Italian poet, literary critic, and writer

Tommaso Stigliani (/it/; 28 June 1573 - 27 January 1651) was an Italian poet, literary critic, and writer, best known for his enmity with Giambattista Marino.

==Biography==

He was born in Matera, and educated in Naples where he met with the poets Torquato Tasso and Giambattista Marino. At first a friend of Marino, he later became his bitter enemy and indulged in literary and personal polemics with him. Especially in Dello occhiale (Venice: Carempello, Sandro Bazacchi, 1627), Stigliani laments Marino's many “failures” in the poem Adone. Marino refused, Stigliani indignantly points out, to follow Aristotle's unities, ignoring the need for a proper beginning, middle, and an end. The poem is overwhelmed by superfluities, enthusiasms, and disproportion. In chapter 6, Stigliani regrets the way Marino “stumbles” through the episodes of Adonis and Venus. And so on, for more than 500 pages (there are tables at the end that list all of Marino's “errors”).

Stigliani's contentious personality led him initially to seek employment in various courts of Northern Italy, including Parma, where he was employed by the Duke. He ultimately had to remove himself to Rome, where he published a volume of his works, mainly romantic sonnets, in Canzoniero dato in luce da Balducci (1625, Rome). The Canzoniero reveals Baroque tendencies restrained by a sense of literary discipline deriving from Petrarch and the classics.

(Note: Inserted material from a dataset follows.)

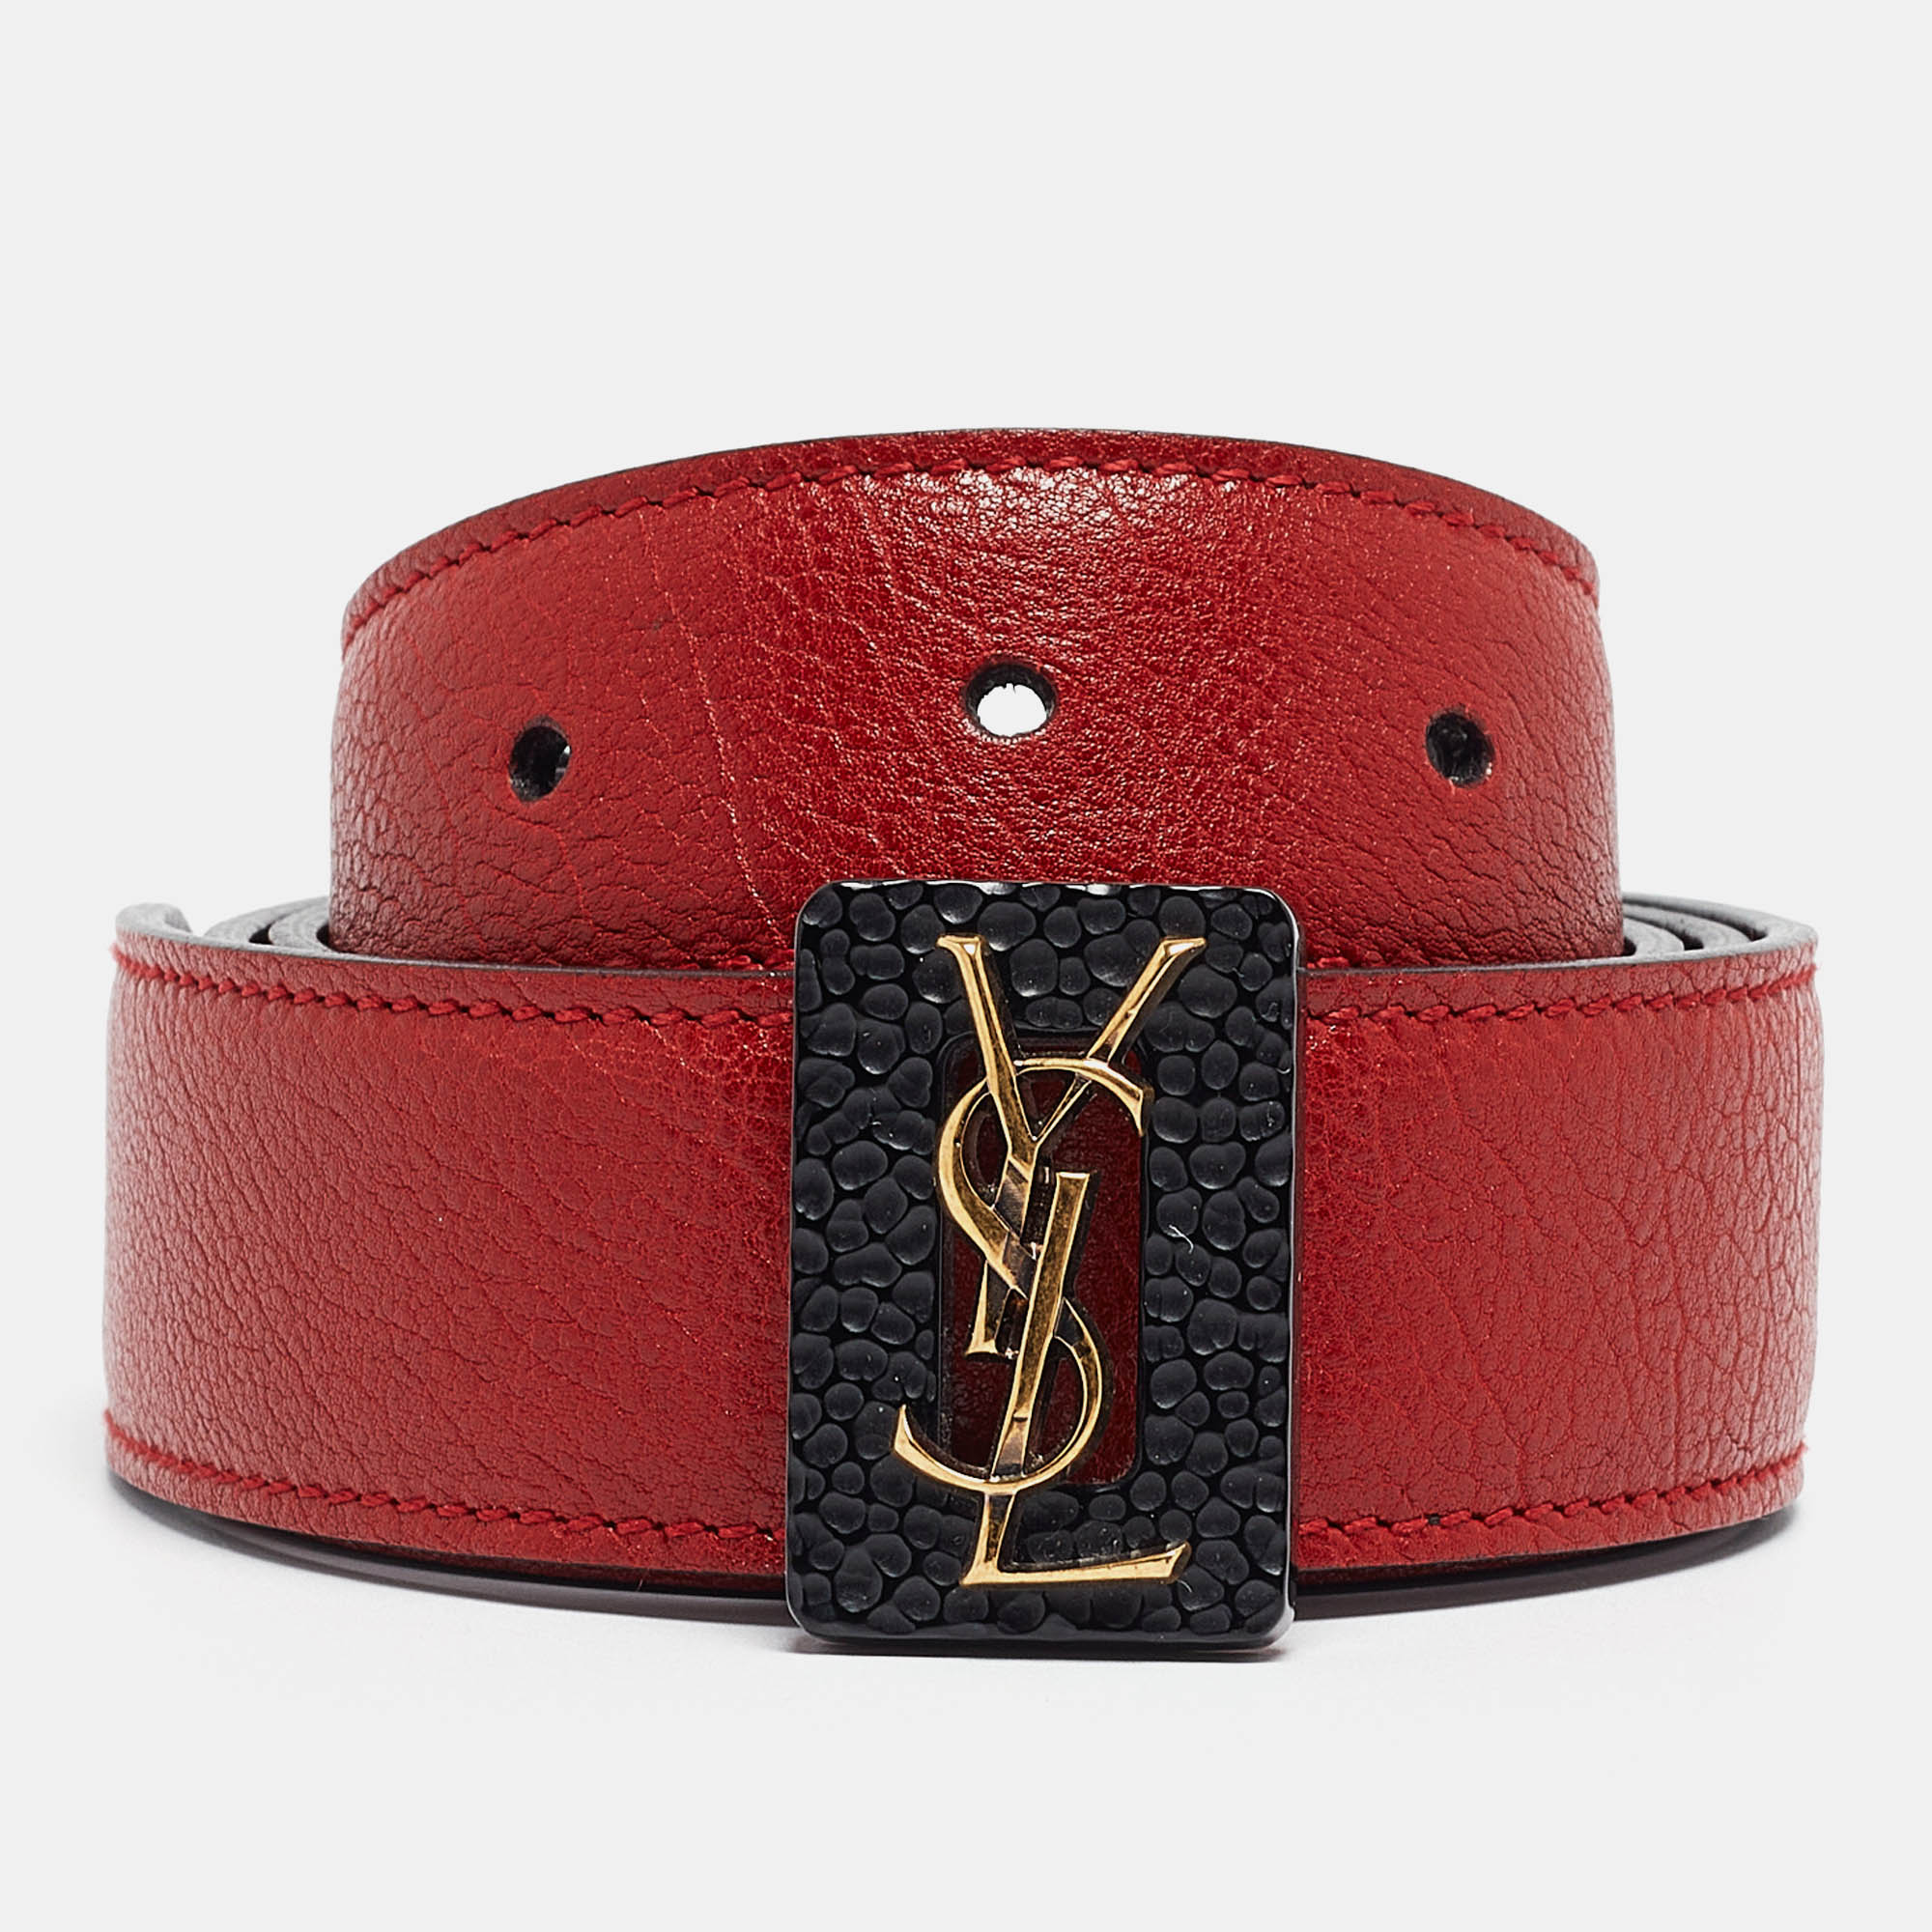 Yves saint laurent red/black leather monogram reversible waist belt m

In 1617 Stigliani published in Piacenza Il Mondo Nuovo, an epic poem about the discovery of America owing a good deal to the Italian Romance tradition. In his depiction, Stigliani merges a detailed description of America with characters and situations that are closer to the realities of life in seventeenth-century Europe, creating a bridge between the two continents. Stigliani's America is an allegory of the old world and the poet used it to construct a critique of the society of the day. The description of the newt that lives in the Rio de la Plata is a way to make fun of his archenemy Giambattista Marino; the execution of the amazons in the poem is a criticism of the behavior of his patron Ranuccio Farnese; the mad people of the island of Brandana mirror the behavior of all the princes and courtiers who occupy every European Renaissance court. And since it is a poem, the shrewd poet can always defend himself by saying that the Mondo nuovo is, in part, a fictional work. According to Stigliani, the new world with all its faults such as cannibalism and the freedom of sexual mores is, despite everything, better than the corruption and flaws which he finds in his contemporary Europe.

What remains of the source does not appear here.